By Melissa Berman
January 10, 2021
Managing stress can be a challenge, even during so-called normal times. With our current lives being anything but normal, it is more important than ever to find ways to help find inner balance.
Think about a time when you might have been very upset about something, and a friend suggested taking some long deep breaths. Well, there’s more to that, than just friendly advice. A conscious breathing practice is, in fact, a proven way to bring lasting calm and many other health benefits.
We spoke to Dr. Richard Brown, Associate Professor of Clinical Psychiatry Columbia University of New York, about a specific breathing technique that, not only relieves stress in the moment, but actually re-sets your autonomic nervous system. Creating balance with it, delivers ¬¬proven long-lasting physical health benefits including boosting your immune system. The method Brown recommends, is called Coherent Breathing, and it is just the remedy to manage the collective, and individual stressors of life during the pandemic and beyond.
As Dr. Brown explains, the best way to understand the benefits of Coherent Breathing, is to investigate how the autonomic nervous system operates. Two different sides of our brain control it, and each is responsible for different functions, both emotionally and physically. There is the sympathetic nervous system, which resides in the side of your brain that deals with insecurities and dangers, or your fight/flight response; and the parasympathetic nervous system, on the other side, which deals with rest, digestion and feeling connected and safe. We rely on them both for survival, but often, in times of greater stress, we can become unbalanced and stuck in that fight flight side, leaving us anxious, worried, and feeling unwell. To re-set and re-balance our brains, we need to learn to drop into the parasympathetic nervous system. Coherent breathing offers a scientifically proven way to get there.
“You need a brain that takes care of dangers and looks after your safety. You also have to feel centered and taken care of,” Brown explains. With the very real dangers and insecurities we are all experiencing now, Brown notes a collective sort of PTSD, and many people are struggling to find equilibrium.

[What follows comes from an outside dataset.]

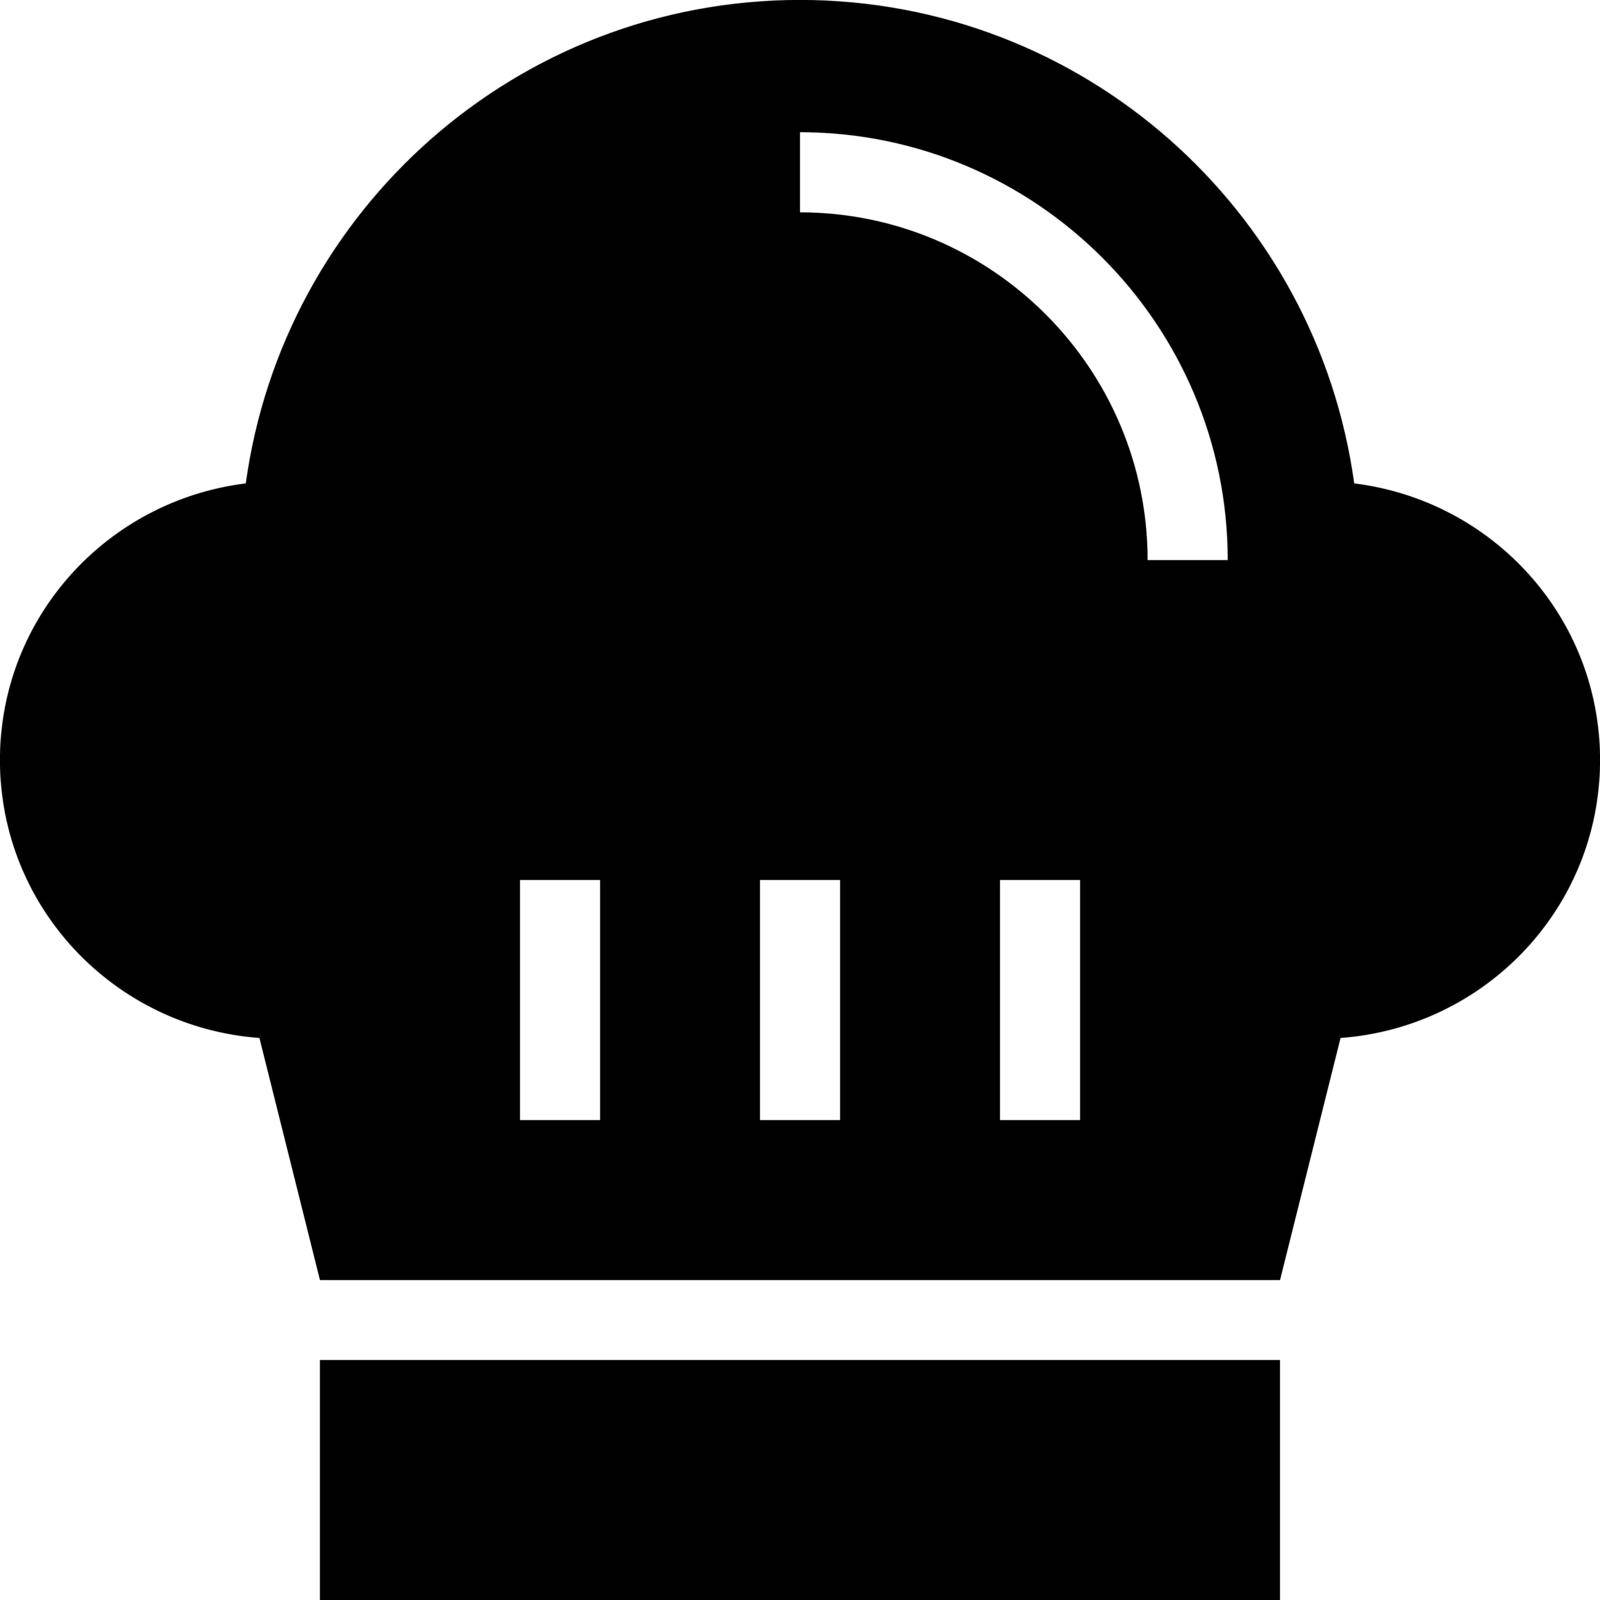 chef hat icon for decoration, website, web, presentation, printing, banner, logo, poster design, etc.

With Coherent Breathing practice, he says, “The fact is, we can shift it, so we feel safe under difficult situations.”
The benefits of Coherent Breathing don’t end with improving your mental health. Brown, who is also a certified teacher in Yoga and Qigong, points out, “this type of breathing practice was first described 3000 years ago, in a Chinese Buddhist medical text on treatments using breathing for longevity.” Along with protection and relaxation, your autonomic nervous system controls major bodily functions like oxygen delivery, immunity, hormones, inflammation, more creative thinking, and energy levels. Brown adds “Breath is also the link between outside world and inner self – and connection to deeper spiritual self.” Balancing the nervous system with Coherent Breathing can, essentially, positively influence your whole being.
So, what is the magic formula to reap all these benefits?
Coherent Breathing is based on deep, steady breathing techniques, in and out of the nose, at a rate of 5 breaths per minute. This rate has been scientifically tested to be the sweet spot in breathing rhythms, where the two branches of your brain become optimal together. Brown uses a recorded gong at intervals, that correspond to this rate, to train people. The breathing is best done lying down, with legs and feet elevated, but can also be done sitting or lying flat. While it’s a simple practice, once you understand it, he recommends instruction at first, to be sure you are doing it properly. His book, written in collaboration with his wife, Dr. Patricia Gerbarg, also a clinical psychiatrist and professor, is called The Healing Power of Breath. It offers instruction, information about the science behind coherent breathing, and a useful audio link or CD, narrated by Brown, with a timed gong track. Brown suggests 20 minutes of breathing exercises, twice a day, for the first 3 months if you are highly stressed, or have PTSD, after which, you reduce to once a day. For the rest of us, a consistent 20 minutes, once a day, is recommended.
The results are long lasting. Over time, your brain will learn to balance itself between the two sides of the nervous system, and your body’s response to stress will be better managed. Brown adds, “When both sides of the autonomic nervous system are engaged, and working together, it creates optimal function in all of our systems.” After 4-6 weeks of consistent practice, you can expect to notice a difference. The biggest changes come over 3-9 months. The practice is beneficial to anyone 8 years old and over, making it a productive and healthy activity for families to do together.
Brown’s website also offers workshops, now available as webinars, as well as online practice sessions you can sign up for, with a number of teachers he has trained.
As we continue to move through these uncharted times; we can literally, and figuratively breathe a bit easier with this simple, yet powerful practice.